For me to sanction a review of a record an entire month after release, it has to be something pretty damn special. And PREGOBLIN‘s new album (well, actually, their debut, despite the title) very much fits into that category.
The opening track ‘Big Hitters‘ sounds a little like Beck has written a song for All Things Must Pass and got Steve Harley in on guest vocals. That should tell you all you need to know about PREGOBLIN II – it’s a real ‘songwriter’s album’, though the subsequent ‘Roma‘ is somewhat dramatic and off-kilter in its oeuvre. That unpredictable nature is one of the long player’s great selling points, with the double header of ‘Everybody’s Ill (At The Moment)‘ starting as a kind of alt.folk on part one, and then evolving into a full-blown disco soul stomp for part two. You never know what’s coming next and I love that!

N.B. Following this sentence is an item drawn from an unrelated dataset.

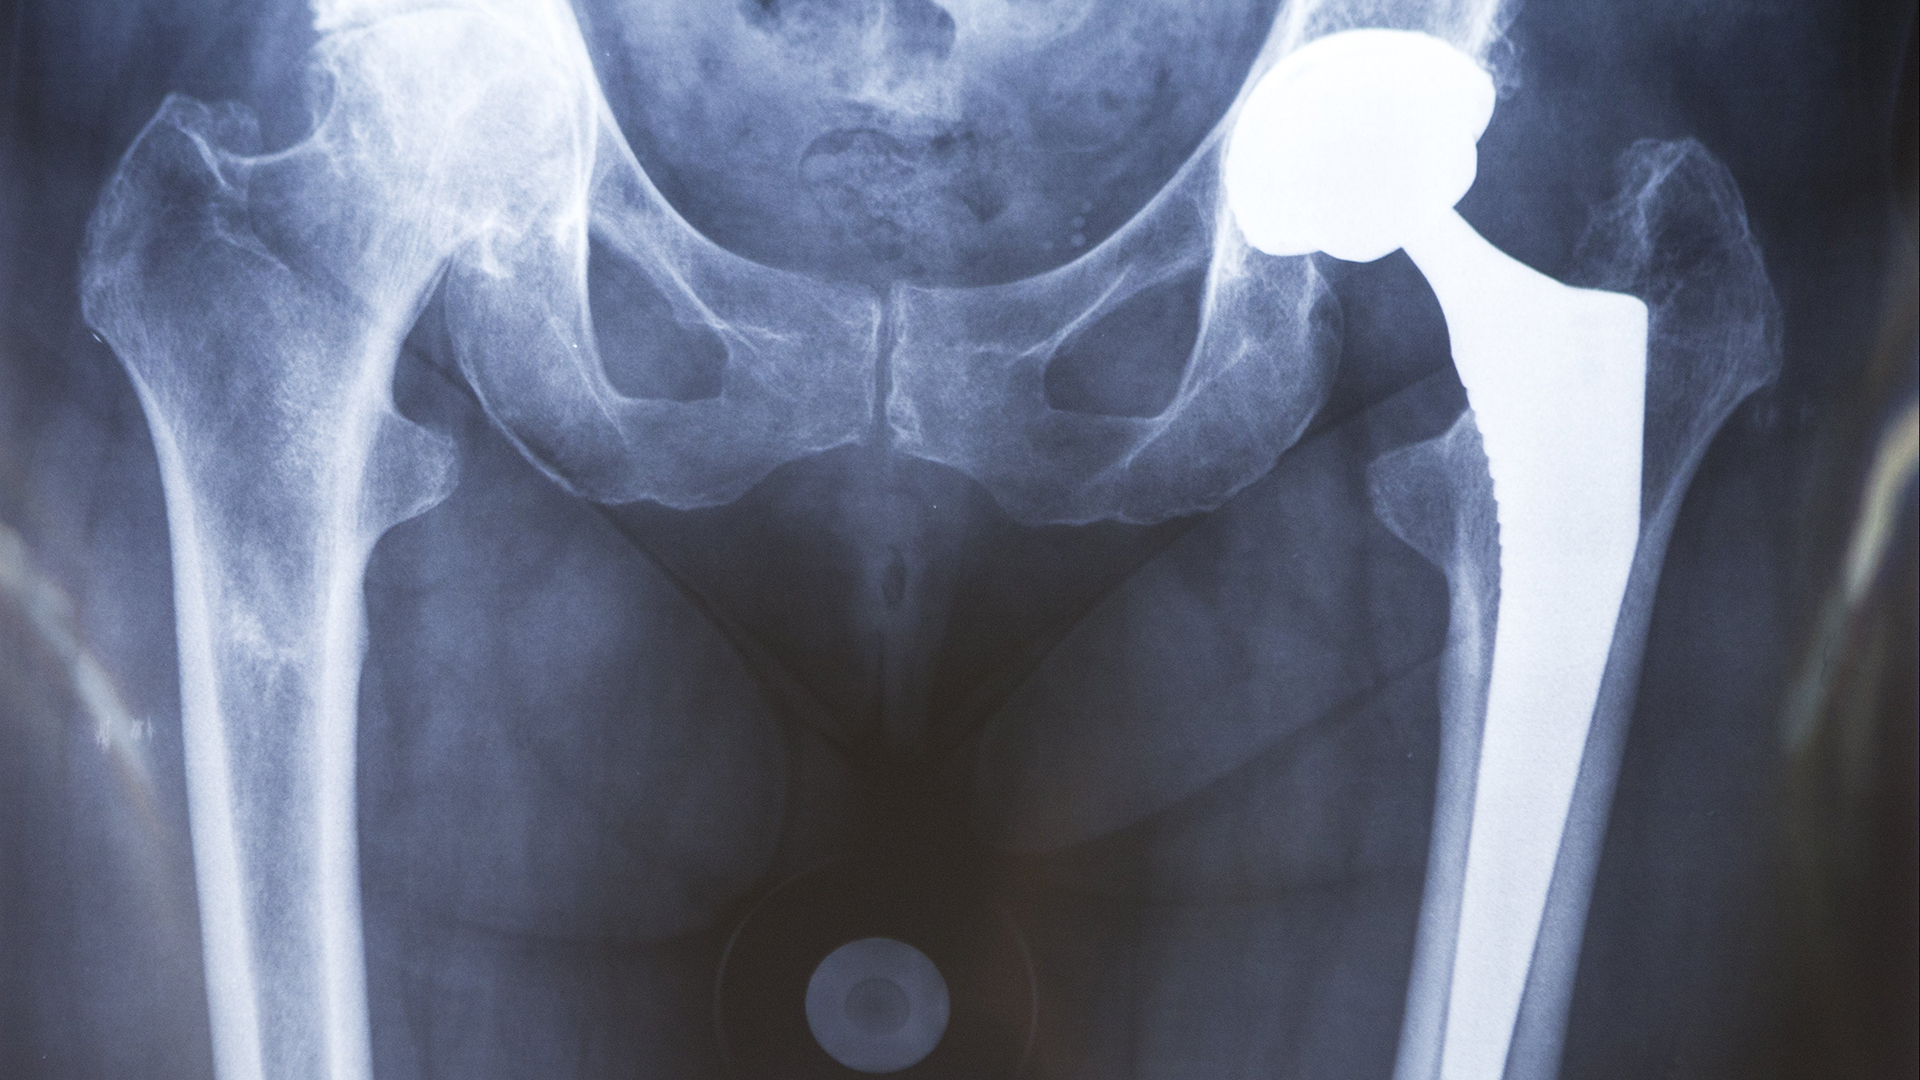 Hidden dangers: patients, doctors not informed of defective implants

The overtly sexual nature of ‘Movin’ Up‘ makes it sound like it could have come straight out of Rado & Ragni’s 1968 musical Hair, albeit with a bastardised piano ballad backdrop that isn’t a million miles away from Rufus Wainwright. And then comes that hard-hitting ‘Nobody Likes Me‘, which, to the casual listener, comes across as a pleasant, breezy Donna Summer-ish number (sort of), until you pay attention to the lyrics: “Mummy doesn’t like me, daddy doesn’t care, Becky doesn’t miss me, Claire thinks I’m a shit” and later on, “Everybody’s got better shit than me.” Ouch.
A bizarre cover of Oliver Cheatham‘s ‘Get Down Saturday Night’ (or, more accurately, of Room 5‘s adaptation of it, ‘Make Luv‘) ensues, with a ‘3am sleeping under the bus shelter’ kind of vibe before the brief respite of the gorgeous pedal-steel Americana of ‘Alpha Business‘ proves that yes, Alex Sebley is capable of writing irresistibly dreamy commercial tracks as well, further confirmed by ‘These Hands aka Danny Knife‘, originally penned for Fat White Family, which features Pete Doherty and surely would have featured on one of those old Indie Top 20 albums, had they still been going. Delightfully minimalist but full of joyful uplift.
‘Sort It Out Down There‘ comes across as deliberately obtuse, as though Jona Lewie got pissed and passive-aggressively disagreed with the bartender, before the amusing, sleepy Summertime demeanour of the Super Furries like ‘Wimpy‘.
‘Two Kinds Of Music‘ closes out the album (“one is good, the other is bad” apparently), aside from a piano-based reprise of the opening track, a rather striking, pretty version, which makes you look back and marvel at the variety on offer here.
A very unusual record, but ultimately a very satisfying one.